Citing the city's revitalization efforts, Beverly Perry, a senior adviser to Democratic Mayor Muriel Bowser who has led statehood advocacy, pushed back on what she called an outdated caricature of the city.
Millions of visitors, she said, "are coming here because we built a destination, we built an industry. So if Republicans want to try to downplay all of our efforts and say we haven't built an industry, that's just narrow-minded on their part."
Democratic Del. Eleanor Norton Holmes, the District's longtime nonvoting representative in Congress, found a silver lining, however. The senators, she said, "have done us a service they did not intend" - creating an impetus for a new education campaign.
The #WeAreDC hashtag, she posited, "not only refutes everything they said - it goes further, which is to help us get the message across that D.C. does not have the rights as everyone else has, even though we're number one in federal taxes paid to support the federal government."
Walter Smith, executive director of the DC Appleseed Center for Law and Justice, said he believes outsiders have opposed statehood not because of a stereotypical perception of the District but because they have no perception at all, leaving them blind to the fact that D.C. residents have no vote on Capitol Hill.
He said he learned as much as far back as 2000, when he went on a cross-country bike ride to personally ask Americans from Minneapolis to New Orleans what they thought of D.C. statehood. Many he met did not realize that D.C. residents lacked voting rights, he said, leading him to conclude that a large, coordinated education campaign was needed.
"One guy biking across the country isn't going to do it," said Smith, who is leading a lawsuit in D.C. federal court arguing the lack of voting representation is unconstitutional. An earlier lawsuit he and other statehood advocates led failed in 2000, when the Supreme Court, without a hearing, affirmed a lower-court ruling finding that D.C. did not have a constitutional right to a voting representative in Congress.
Smith said the challenge for galvanizing support for D.C. voting rights is that, unlike with the civil rights, gay rights or women's rights movements, "there aren't people all over the country who don't have voting representation."

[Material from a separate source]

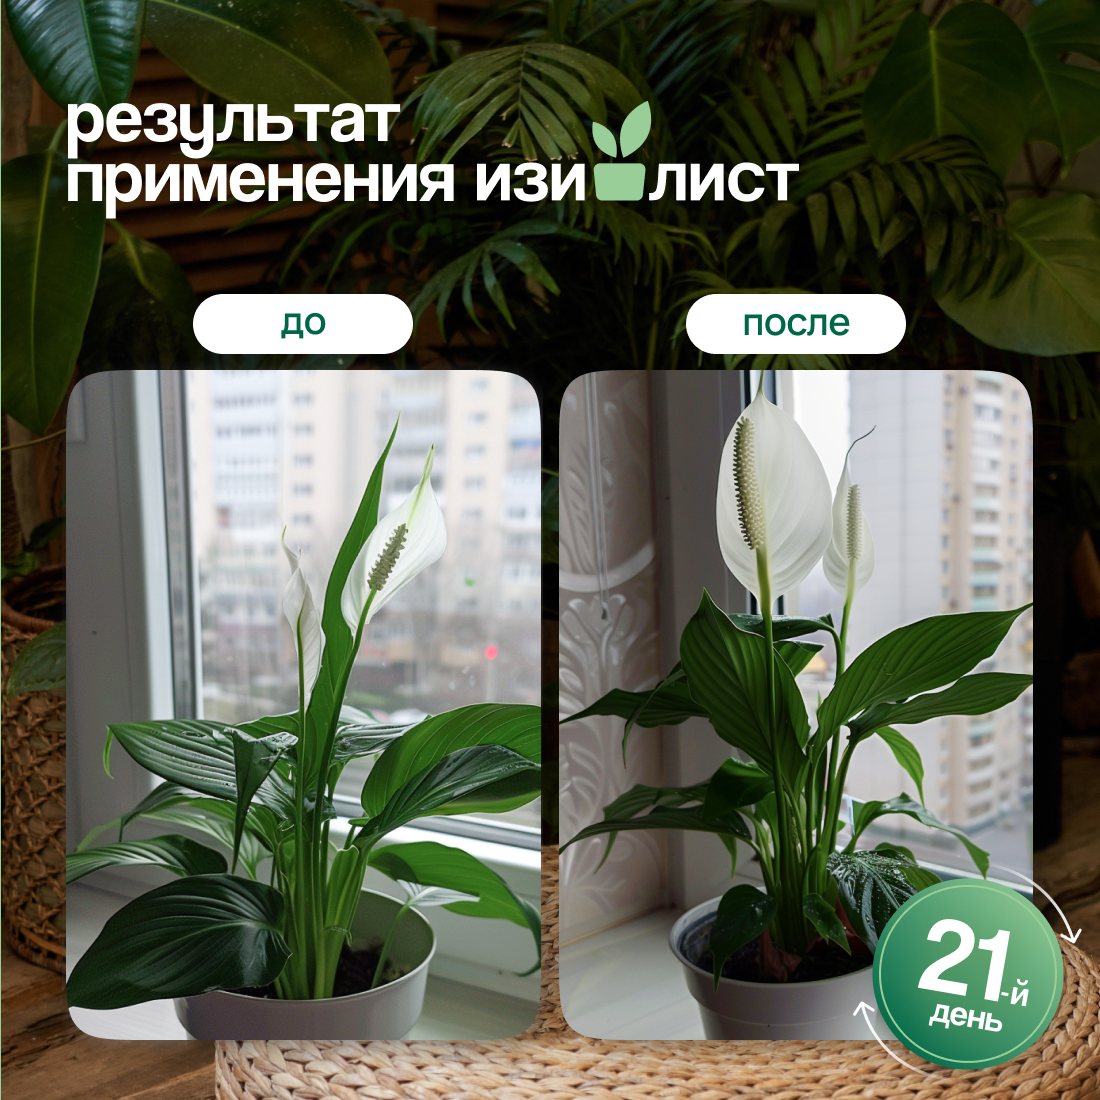 Набор Удобрения для комнатных растений изилист (спрей + подкормка)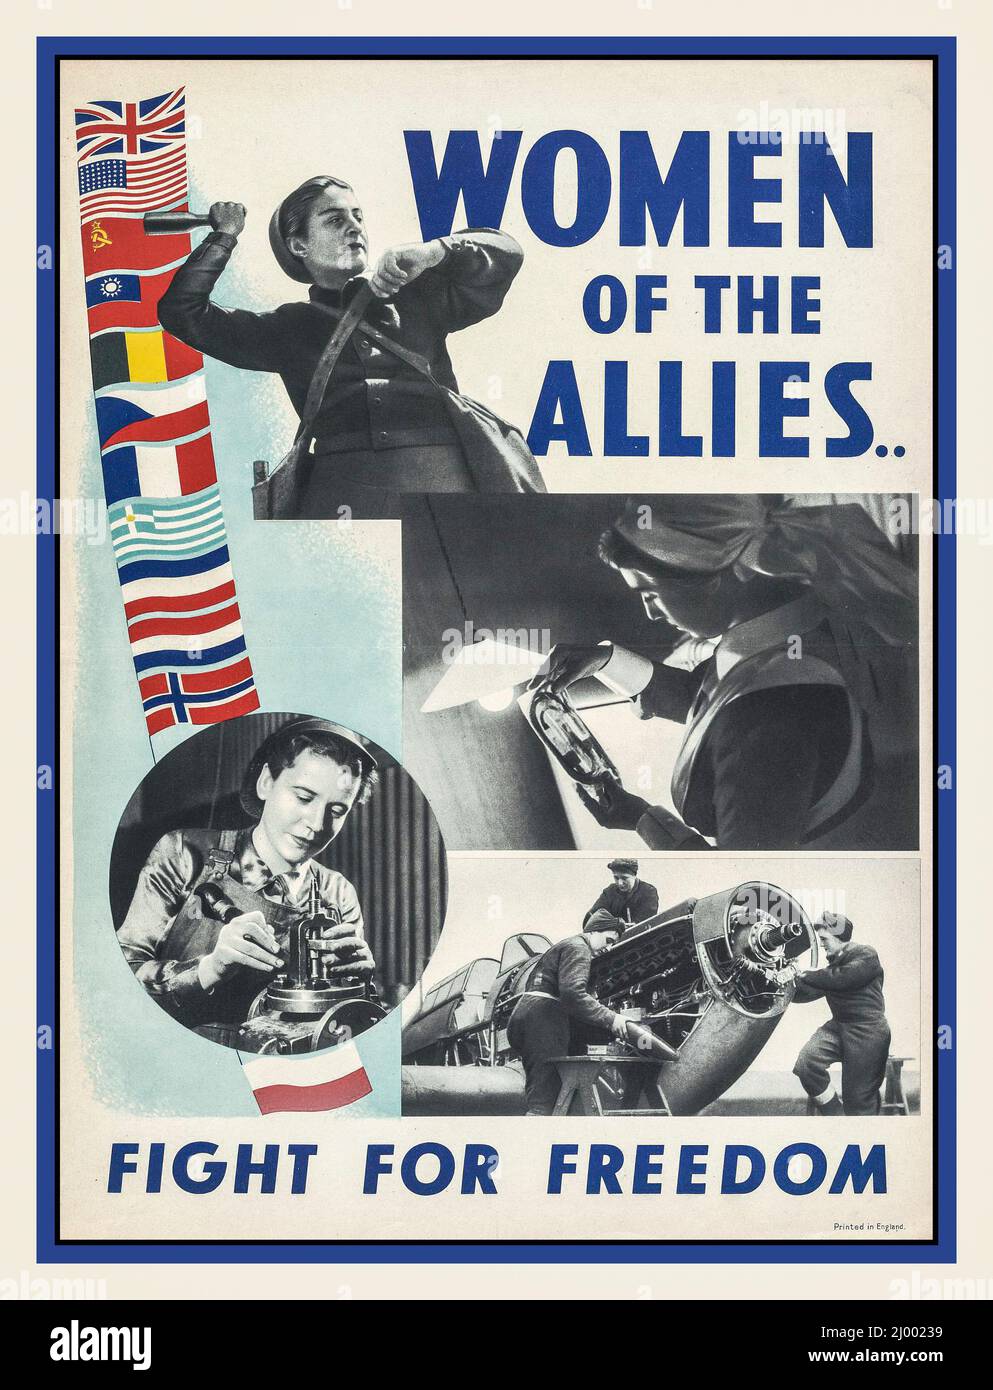 Jahrgang WW2 Rekrutierung Rekrutierung Poster Frauen in Kriegsarbeit. The war Effort at Home in the UK 'Women of the Allies Fight for Freedom', Großbritannien, 1943 Stockfoto

"In fact, to the contrary, all of them have it already," Smith said, "and they all take it for granted. And so getting them energized enough to speak out and demonstrate and call their member of Congress because they're upset people in the capital don't have the vote, that's hard to do."
Having a better picture of the people who make up the vibrant city, he said, is at least a good place to start.
So far, the #WeAreDC campaign has featured a firefighter, a small-business owner, a foster parent and a Vietnam veteran sharing their frustrations over their lack of voting rights.
"After serving my country during the Vietnam War, I was denied my vote in the Congress of the United States," Hector Rodriguez says. "To me that is a slap in the face."
Glenda Williams-Blackmon, the foster parent, says: "Give us the authority to make our own decisions. . . . There is no one I can go to and say, 'Well, why am I paying this and who am I paying this to?'"
George Derek Musgrove, a professor and the co-author of "Chocolate City: A History of Race and Democracy in the Nation's Capital," shares his expertise on the history of the city's enfranchisement as part of the video series.
In an interview, he accused Republicans of "veiled racism" and said the rhetoric trashing the District as a city of influence-peddlers is not new.
"You tend to talk about D.C. and inside the Beltway as a place where government happens," he said. "It's really easy to fill that void with this absurd rhetoric, and it reinforces everything you see in popular culture, 'The West Wing' and everything else. And it plays on the built-in hostility people have against government."
Cheston said he is cautiously optimistic about how the upcoming election could influence the statehood cause. Meanwhile, he said, he will continue doing his part evangelizing the out-of-town brewery tourists.
"I feel like we're adding something to the community," Cheston said. "It would just be nice to know that there is someone that could fight for us, you know?"